6.8 128-bits integers

As an extension the integer scalar type __int128 is supported for targets having an integer
mode wide enough to hold 128-bit. Simply write __int128 for a signed 128-bit integer, or
unsigned __int128 for an unsigned 128-bit integer. There is no support in GCC to express
an integer constant of type __int128 for targets having long long integer with less then [sic]
128 bit width.

Interestingly, although that does not mention __uint128_t, that type is accepted, even with stringent warnings set:

#include <stdio.h>

int main(void)
{
    __uint128_t u128 = 12345678900987654321;
    printf("%llx\n", (unsigned long long)(u128 & 0xFFFFFFFFFFFFFFFF));
    return(0);
}

Compilation:

$ gcc -O3 -g -std=c99 -Wall -Wextra -pedantic xxx.c -o xxx  
xxx.c: In function ‘main’:
xxx.c:6:24: warning: integer constant is so large that it is unsigned [enabled by default]
$

(This is with a home-compiled GCC 4.7.1 on Mac OS X 10.7.4.)

Change the constant to 0x12345678900987654321 and the compiler says:

xxx.c: In function ‘main’:
xxx.c:6:24: warning: integer constant is too large for its type [enabled by default]

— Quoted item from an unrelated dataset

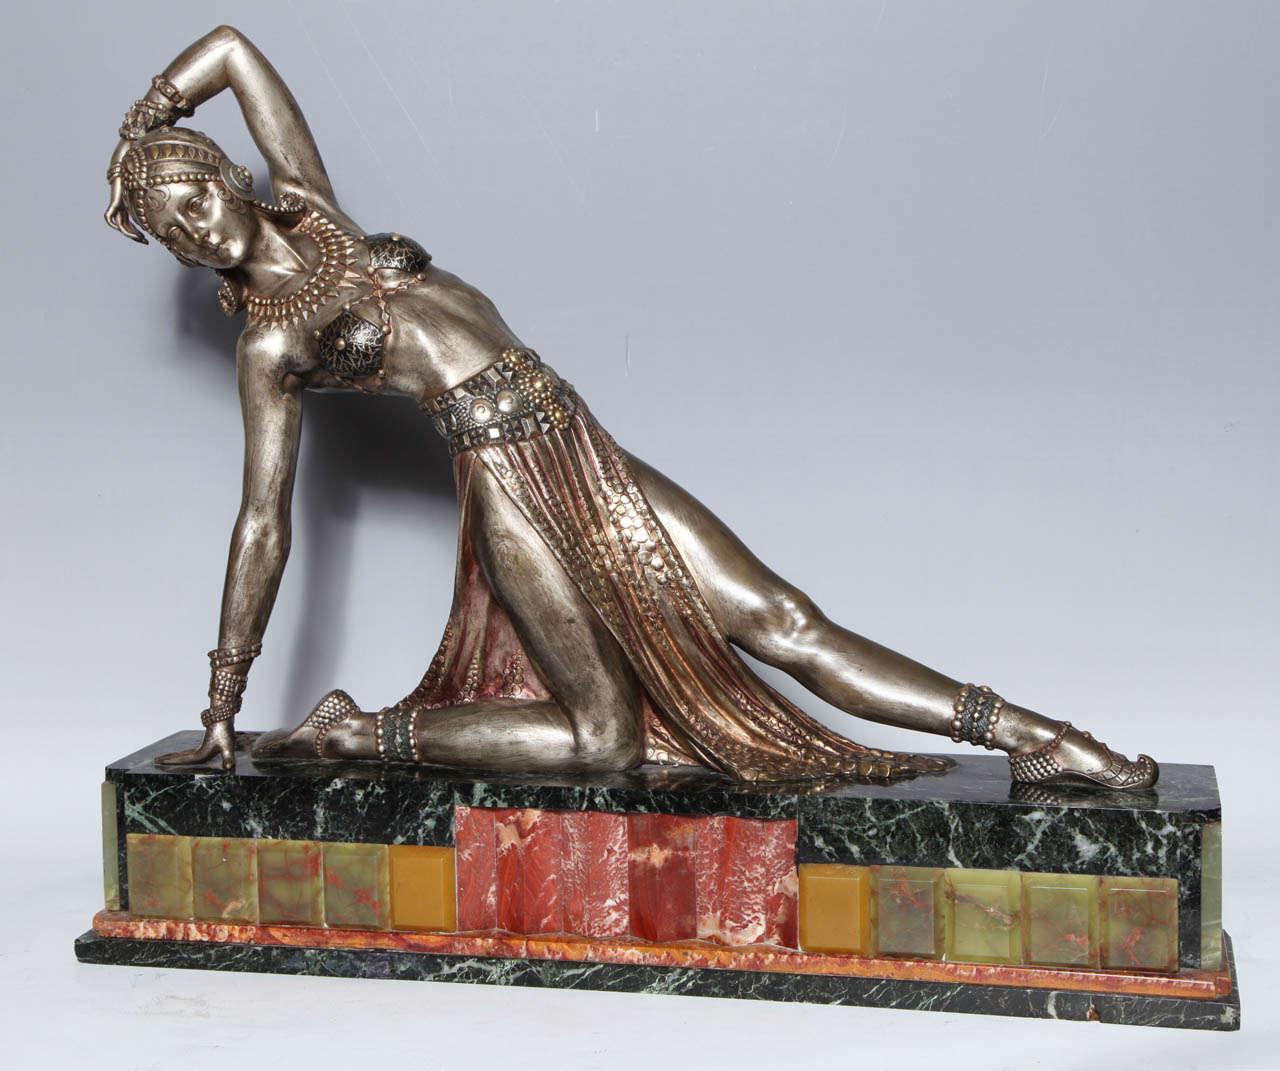 A Classic example of Demetre Chiparus Art Deco Sculpture circa 1925. Chirpuras (1886-1947) was the most sought after Decorative Sculpture in the Early 1900s. Known for his combinations of Silver and Gilt, he focused on Dancers and their slender

So, it isn’t easy manipulating these creatures. The outputs with the decimal constant and hex constants are:

ab54a98cdc6770b1
5678900987654321

For printing in decimal, your best bet is to see if the value is larger than UINT64_MAX; if it is, then you divide by the largest power of 10 that is smaller than UINT64_MAX, print that number (and you might need to repeat the process a second time), then print the residue modulo the largest power of 10 that is smaller than UINT64_MAX, remembering to pad with leading zeroes.

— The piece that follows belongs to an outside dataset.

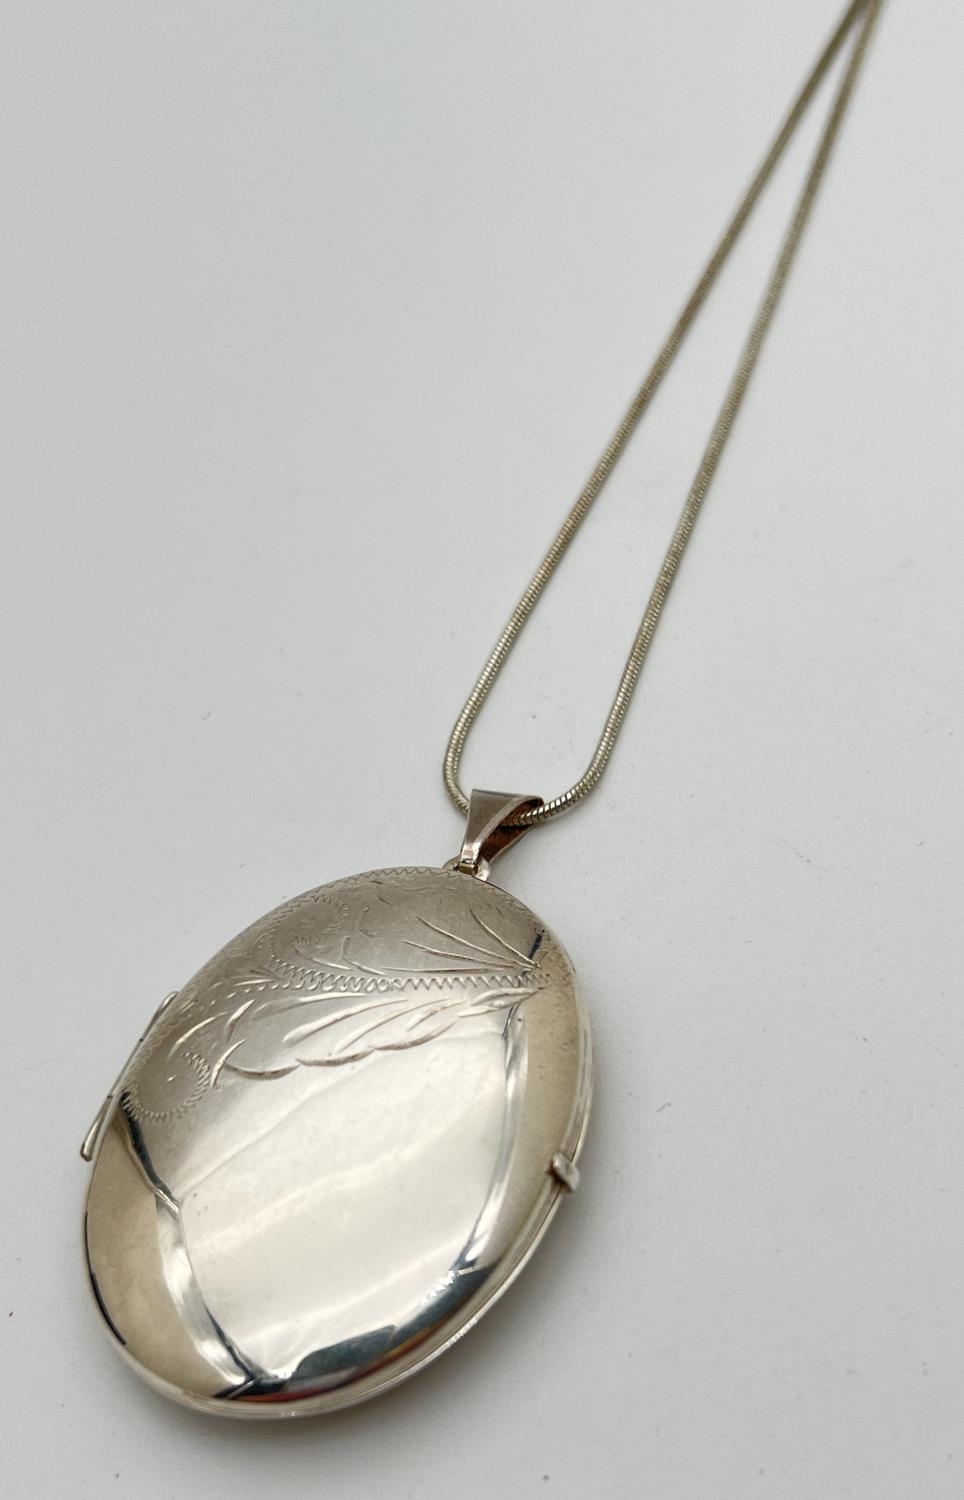 A large silver oval locket with engraved floral design to front. On a 22" snake chain with lobster

This leads to something like:

#include <stdio.h>
#include <inttypes.h>

/*
** Using documented GCC type unsigned __int128 instead of undocumented
** obsolescent typedef name __uint128_t.  Works with GCC 4.7.1 but not
** GCC 4.1.2 (but __uint128_t works with GCC 4.1.2) on Mac OS X 10.7.4.
*/
typedef unsigned __int128 uint128_t;

/*      UINT64_MAX 18446744073709551615ULL */
#define P10_UINT64 10000000000000000000ULL   /* 19 zeroes */
#define E10_UINT64 19

#define STRINGIZER(x)   # x
#define TO_STRING(x)    STRINGIZER(x)

static int print_u128_u(uint128_t u128)
{
    int rc;
    if (u128 > UINT64_MAX)
    {
        uint128_t leading  = u128 / P10_UINT64;
        uint64_t  trailing = u128 % P10_UINT64;
        rc = print_u128_u(leading);
        rc += printf("%." TO_STRING(E10_UINT64) PRIu64, trailing);
    }
    else
    {
        uint64_t u64 = u128;
        rc = printf("%" PRIu64, u64);
    }
    return rc;
}

int main(void)
{
    uint128_t u128a = ((uint128_t)UINT64_MAX + 1) * 0x1234567890ABCDEFULL +
                      0xFEDCBA9876543210ULL;
    uint128_t u128b = ((uint128_t)UINT64_MAX + 1) * 0xF234567890ABCDEFULL +
                      0x1EDCBA987654320FULL;
    int ndigits = print_u128_u(u128a);
    printf("\n%d digits\n", ndigits);
    ndigits = print_u128_u(u128b);
    printf("\n%d digits\n", ndigits);
    return(0);
}

The output from that is:

24197857200151252746022455506638221840
38 digits
321944928255972408260334335944939549199
39 digits

We can verify using bc:

$ bc
bc 1.06
Copyright 1991-1994, 1997, 1998, 2000 Free Software Foundation, Inc.
This is free software with ABSOLUTELY NO WARRANTY.
For details type `warranty'. 
ibase = 16
1234567890ABCDEFFEDCBA9876543210
24197857200151252746022455506638221840
F234567890ABCDEF1EDCBA987654320F
321944928255972408260334335944939549199
quit
$

Clearly, for hex, the process is simpler; you can shift and mask and print in just two operations. For octal, since 64 is not a multiple of 3, you have to go through analogous steps to the decimal operation.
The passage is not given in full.